The Drop
Hulu

Terriers

WORTH IT

Two broke guys, one PI shop, sun-bleached warmth. The show FX marketed into a grave.

sentenced 2026-07-12 by the guide

The Premise

"Terriers" is a 13-episode FX drama from 2010 created by Ted Griffin (who wrote "Ocean's Eleven") and executive produced by Shawn Ryan of "The Shield." Donal Logue plays Hank Dolworth, an ex-cop and recovering alcoholic scraping by as an unlicensed private investigator in Ocean Beach, a scruffy pocket of San Diego. Michael Raymond-James plays Britt Pollack, his best friend and reformed thief who'd rather be surfing. The early episodes set up a case-of-the-week rhythm with an ongoing thread involving a local real estate mogul, plus the wreckage of Hank's marriage to Gretchen, played by Kimberly Quinn.

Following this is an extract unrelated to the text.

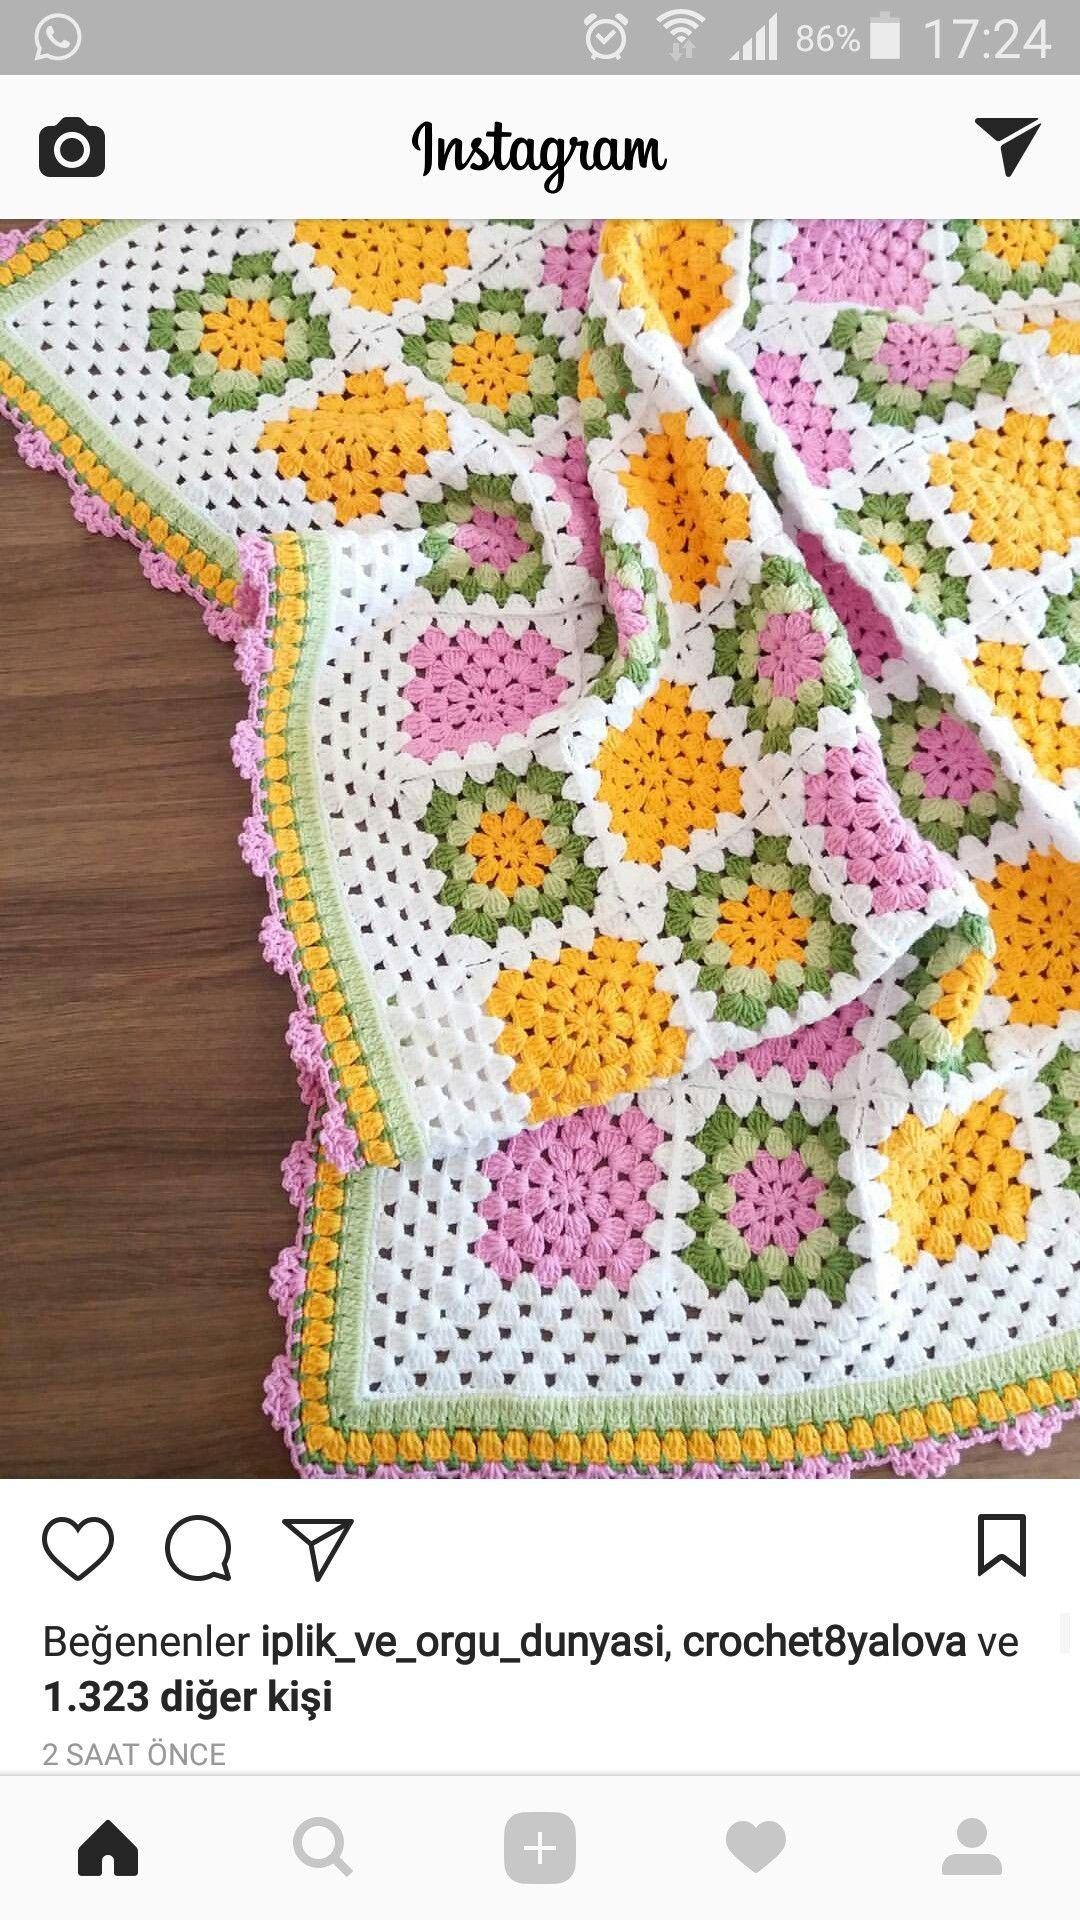 Pin de nena garcia castillo en crochet | Pinterest | Manta, Colchas ...

That's it. That's the show.

The Case For

Logue is doing career-best work here. He plays Hank as tired without being self-pitying, funny without mugging, and the show trusts his face to do half the writing. Raymond-James matches him beat for beat, and the two of them talk like people who've actually known each other for a decade. The Griffin/Ryan combination lands in a sweet spot the network never marketed: the plotting of a good crime novel, the hangout energy of a Richard Linklater movie. Every episode's case pays off cleanly and also feeds a bigger arc, which almost no case-of-the-week show pulls off. And the location work in Ocean Beach is the third lead. Sun, dive bars, cheap taco stands, houses that cost too much for anyone who lives in them. It looks like a place, not a set.

The Case Against

The pace is slow, deliberately, and the first two episodes are the weakest. If you're used to prestige drama that grabs you by the throat in the cold open, "Terriers" will feel small. The tone slides from goofy to genuinely grim without warning, which some viewers read as unfocused. It's also aggressively low-stakes on the surface — nobody's saving the world, nobody's a genius, nobody has a superpower. If you need a show to be about something Important, this one keeps its ambitions in its pocket.

Who It's For, Who'll Bounce

If you loved "Justified," "Bosch," or "The Nice Guys," you're the target. If "Better Call Saul" felt too quiet, bounce. Fans of shaggy 70s PI stuff (Rockford, "The Long Goodbye") will feel at home immediately. Anyone who needs Marvel-tier momentum or a body count will quit around episode three, right when the show is actually clicking.

The Ruling

WORTH IT because the craft is unusually clean. Every scene serves character, every case earns its resolution, and the writing never once stops to lecture you about what kind of men Hank and Britt are — you just watch them and figure it out. Griffin's scripts trust the audience with silence and subtext. Ryan's structural instincts keep the season building without ever pausing to underline itself. Logue and Raymond-James have the kind of chemistry casting can't manufacture. The reason it's not the top tier is honest: the pilot is fine, not great, and the show's whole personality is quiet. But you'll finish it wishing there were four more seasons. FX buried the marketing, the ratings died, and a genuinely good show got one shot. Take it.